Eluich
1 Nickel

Random Reboot R740

Hello,

We currently have a Windows server 2016 Datacenter server failover cluster with two PowerEdge R740 nodes.


The hardware configuration of each node is as follows:
2x Intel (R) Xeon (R) Silver 4116 CPU @ 2.10GHz Model 85 Stepping 4
RAM 196608 MB
Nvidia Tesla M60 Video Card
SAS connection with a PowerVault® 3420 SAN

Video cards are used in Discrete Device Assignment by virtual machines

We encounter a problem of brutal random reboot of nodes without error message in logs other than an event id 41 Kernel-Power "The system has rebooted without cleanly shutting down first".

EventData 
BugcheckCode 0 
BugcheckParameter1 0x0 
BugcheckParameter2 0x0 
BugcheckParameter3 0x0 
BugcheckParameter4 0x0 
SleepInProgress 0 
PowerButtonTimestamp 0 
BootAppStatus 0 
Checkpoint 0 
ConnectedStandbyInProgress false 
SystemSleepTransitionsToOn 0 
CsEntryScenarioInstanceId 0

The reboot of the nodes is not simultaneous and occurs in a totally random way.

We have no errors in hardware testing and no explicit events in Open Manage.

Do you have any idea what caused this problem ?

Best Regards

0 Kudos
26 Replies
Moderator
Moderator

RE: Random Reboot R740

Hello

We have no errors in hardware testing and no explicit events in Open Manage.

Do you have any idea what caused this problem ?

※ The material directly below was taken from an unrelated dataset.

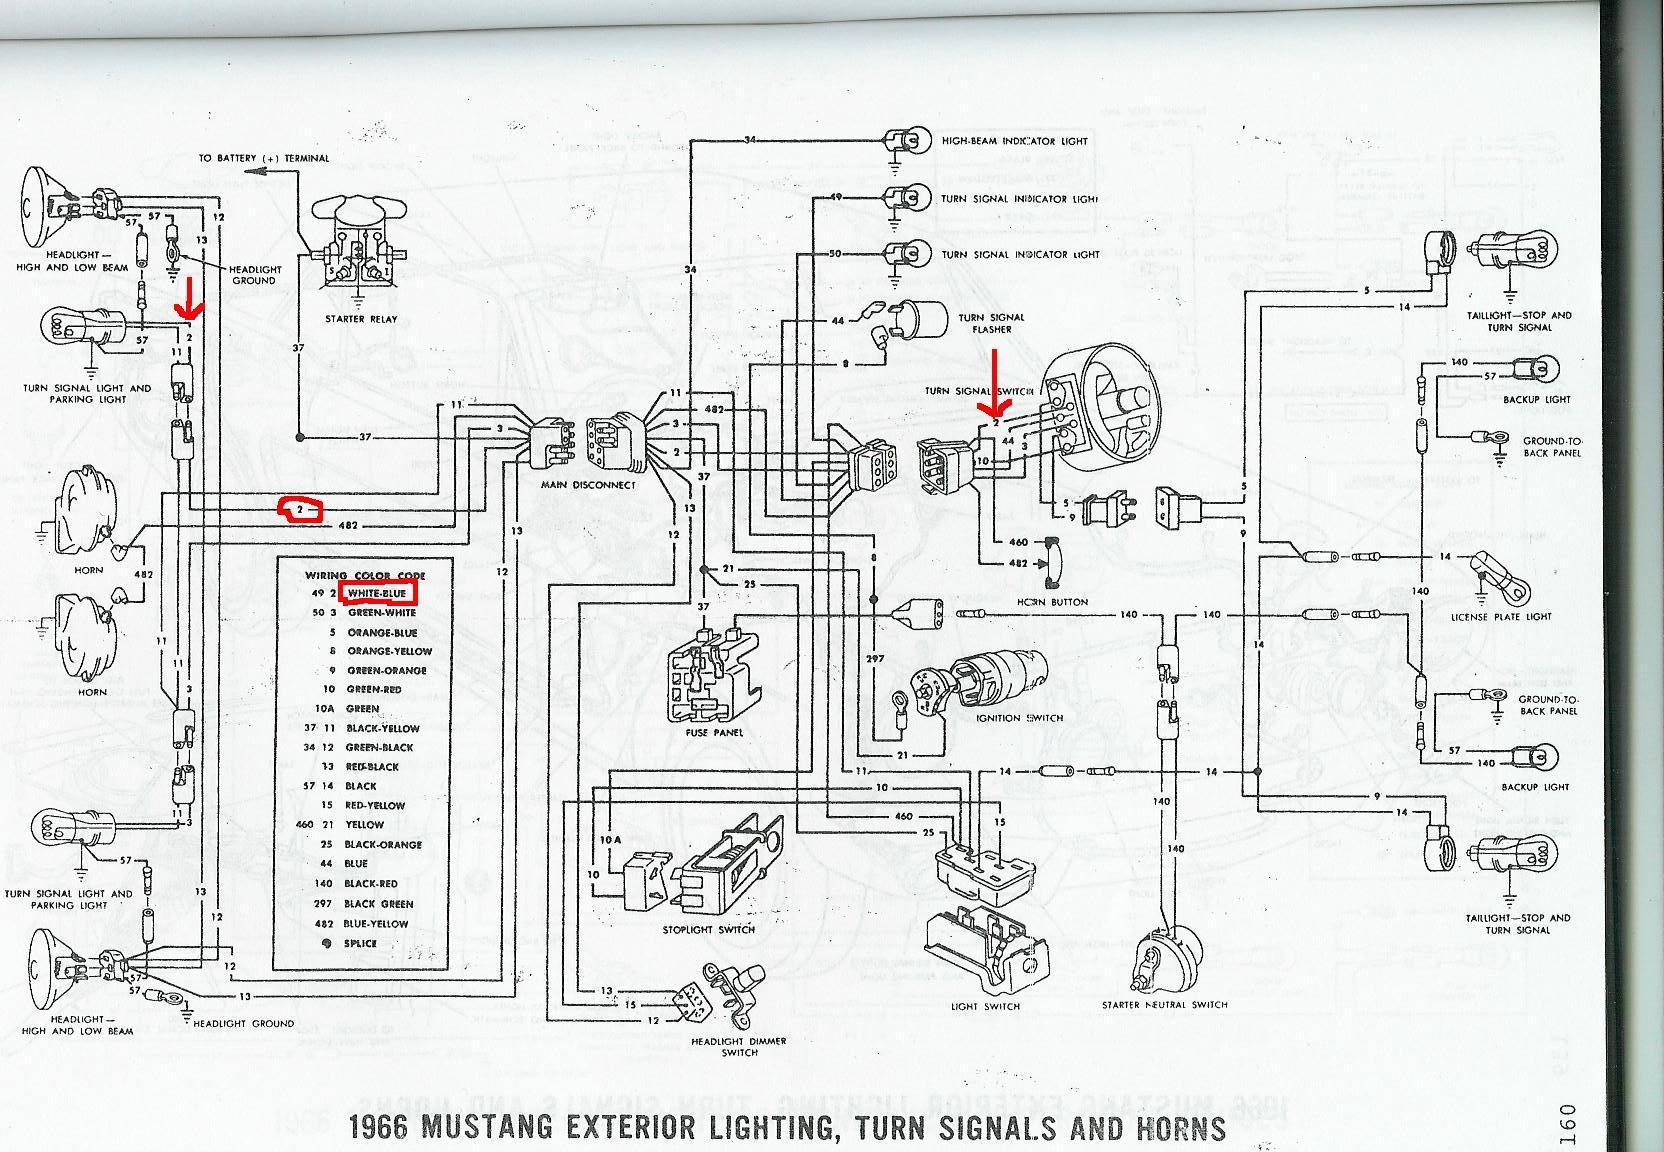 WW_2448] 1966 Mustang Back Up Light Wiring Download DiagramCular Geis Push Grebs Dogan Rele Mohammedshrine Librar Wiring 101

If there are no errors or warnings then look at what happened just before the system shut down. Check the hardware log at the time of the shutdown. The hardware log should state what initiated the shutdown. If there is nothing in the hardware log that states what initiated the shutdown then this is a hardware issue.

Thanks

Daniel Mysinger
Dell EMC, Enterprise Engineer

Get support on Twitter @DellCaresPRO

0 Kudos
Eluich
1 Nickel

RE: Random Reboot R740

Hi Daniel

Thank you for your update

When you said "Check the hardware log at the time of the shutdown", how I can verify the hardware log ? By Open Mange Essential, iDRAC,...?

Thank you in advance for your answer

Best Regards

0 Kudos
Moderator
Moderator

RE: Random Reboot R740

It is under the log section of the iDRAC. It is called the System Event Log in the iDRAC. It is not the same as the operating system's System Event Log. In OpenManage it is listed as the Hardware Log.

Daniel Mysinger
Dell EMC, Enterprise Engineer

Get support on Twitter @DellCaresPRO

0 Kudos
Eluich
1 Nickel

RE: Random Reboot R740

When the reboot occurs, i have only this hardware logs:

OEM software event.

C: boot completed.

So that means there's a hardware problem ?

Best Regards

0 Kudos
Eluich
1 Nickel

RE: Random Reboot R740

On iDRAC, in Lifecycle Logs i have this event before the reboot

0 Kudos
dafoxx
2 Iron

RE: Random Reboot R740

Just an idea but set the power options in the bios to Max proformance

Does it hapen when the when the GPUs/ systems are underloading?

0 Kudos
Highlighted
Eluich
1 Nickel

RE: Random Reboot R740

Hi

Today I made the changes in the BIOS configuration because the servers had Watt Performance Optimization Profile Settings (DAPC) as the profile settings.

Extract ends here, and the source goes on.